→ Extracted material:
------------

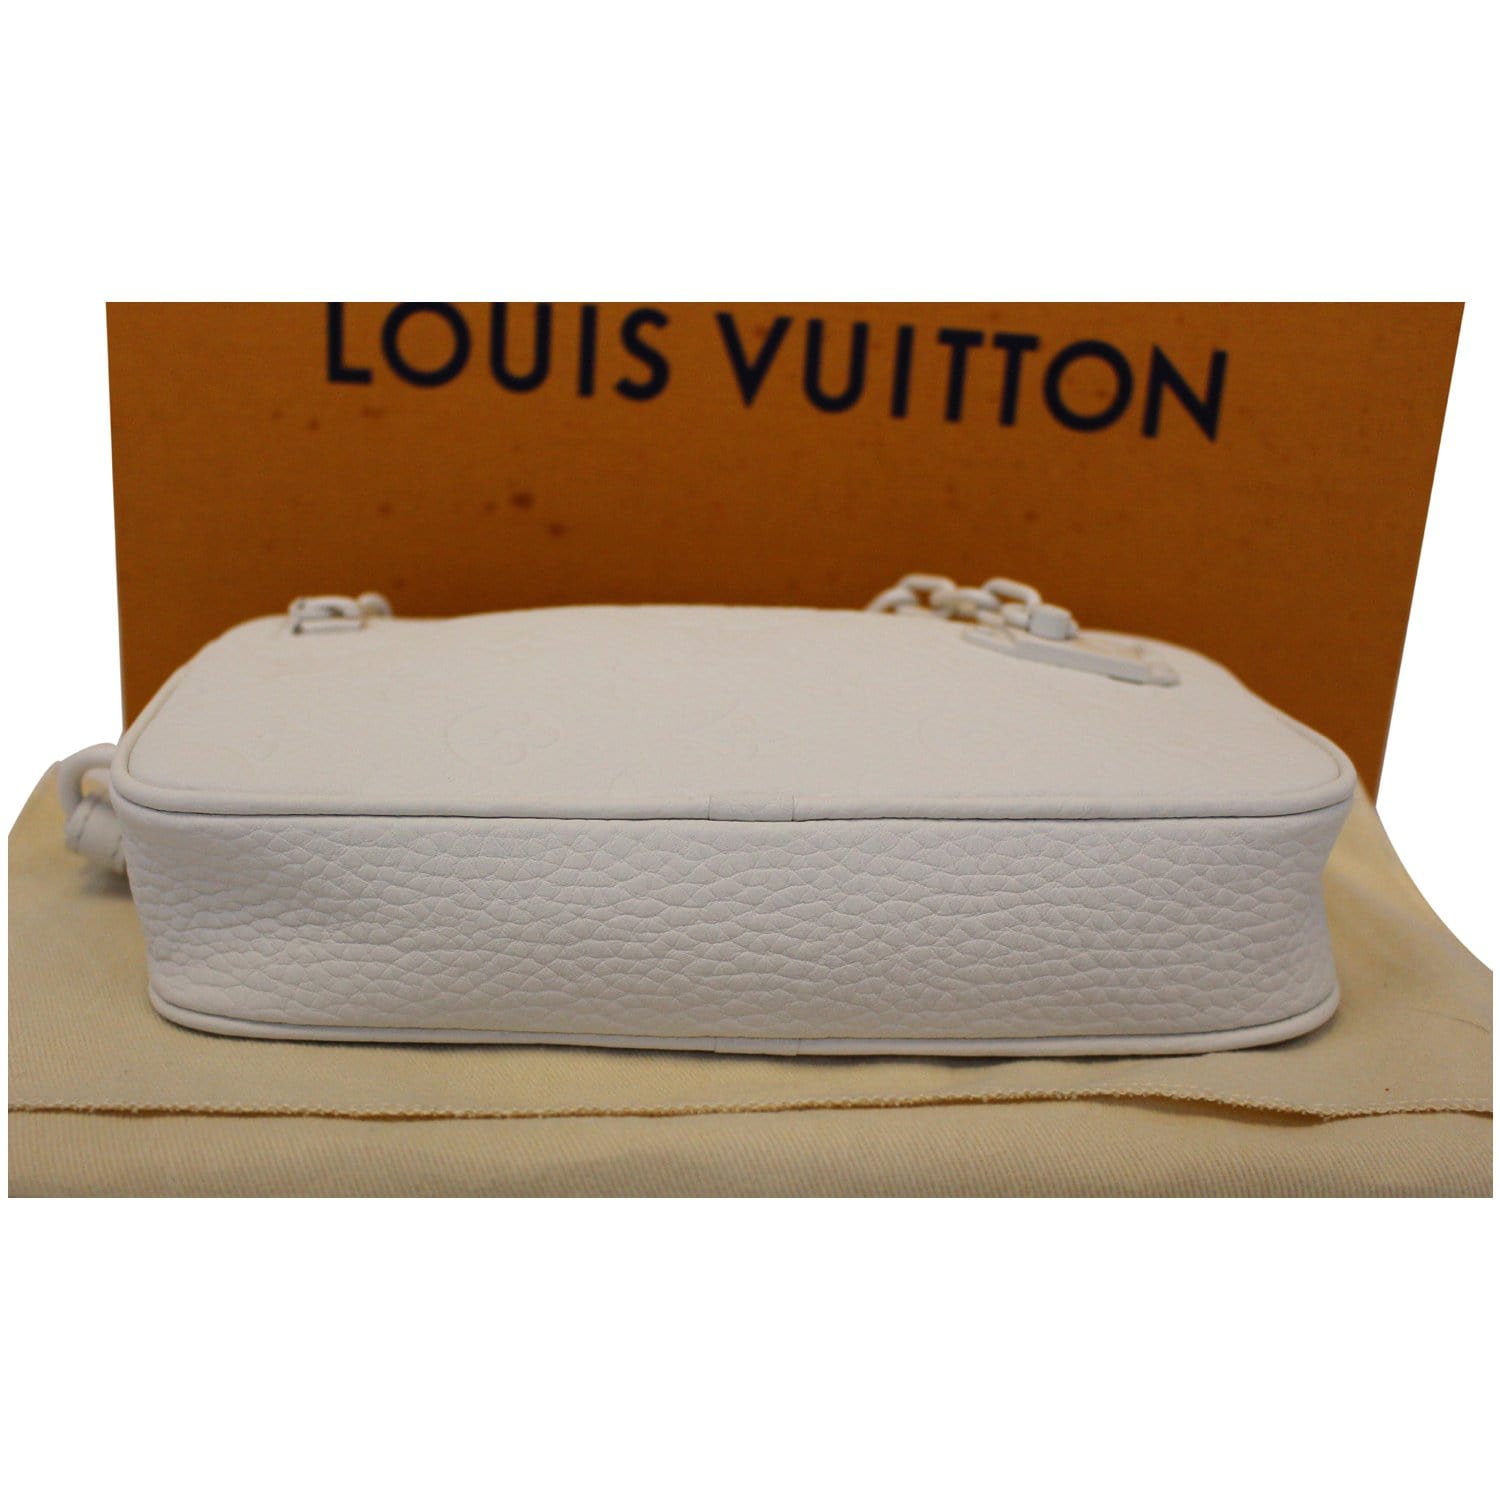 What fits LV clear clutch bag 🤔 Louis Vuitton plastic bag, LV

------------

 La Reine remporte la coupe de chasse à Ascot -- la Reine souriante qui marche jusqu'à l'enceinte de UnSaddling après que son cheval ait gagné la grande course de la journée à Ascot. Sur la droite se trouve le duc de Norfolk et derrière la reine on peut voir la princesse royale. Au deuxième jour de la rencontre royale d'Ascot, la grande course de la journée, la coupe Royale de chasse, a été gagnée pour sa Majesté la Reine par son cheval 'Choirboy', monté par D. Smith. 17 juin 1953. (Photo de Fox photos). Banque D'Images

------------

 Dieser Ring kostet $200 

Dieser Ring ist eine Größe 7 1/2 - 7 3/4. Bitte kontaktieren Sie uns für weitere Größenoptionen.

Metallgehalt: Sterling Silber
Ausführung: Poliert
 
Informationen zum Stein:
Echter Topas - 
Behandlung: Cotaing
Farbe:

------------

→ What to work on: Whenever a line in the preceding entries includes the word "Dieser", count it, and state the total alone.

→ Solution for this task: 2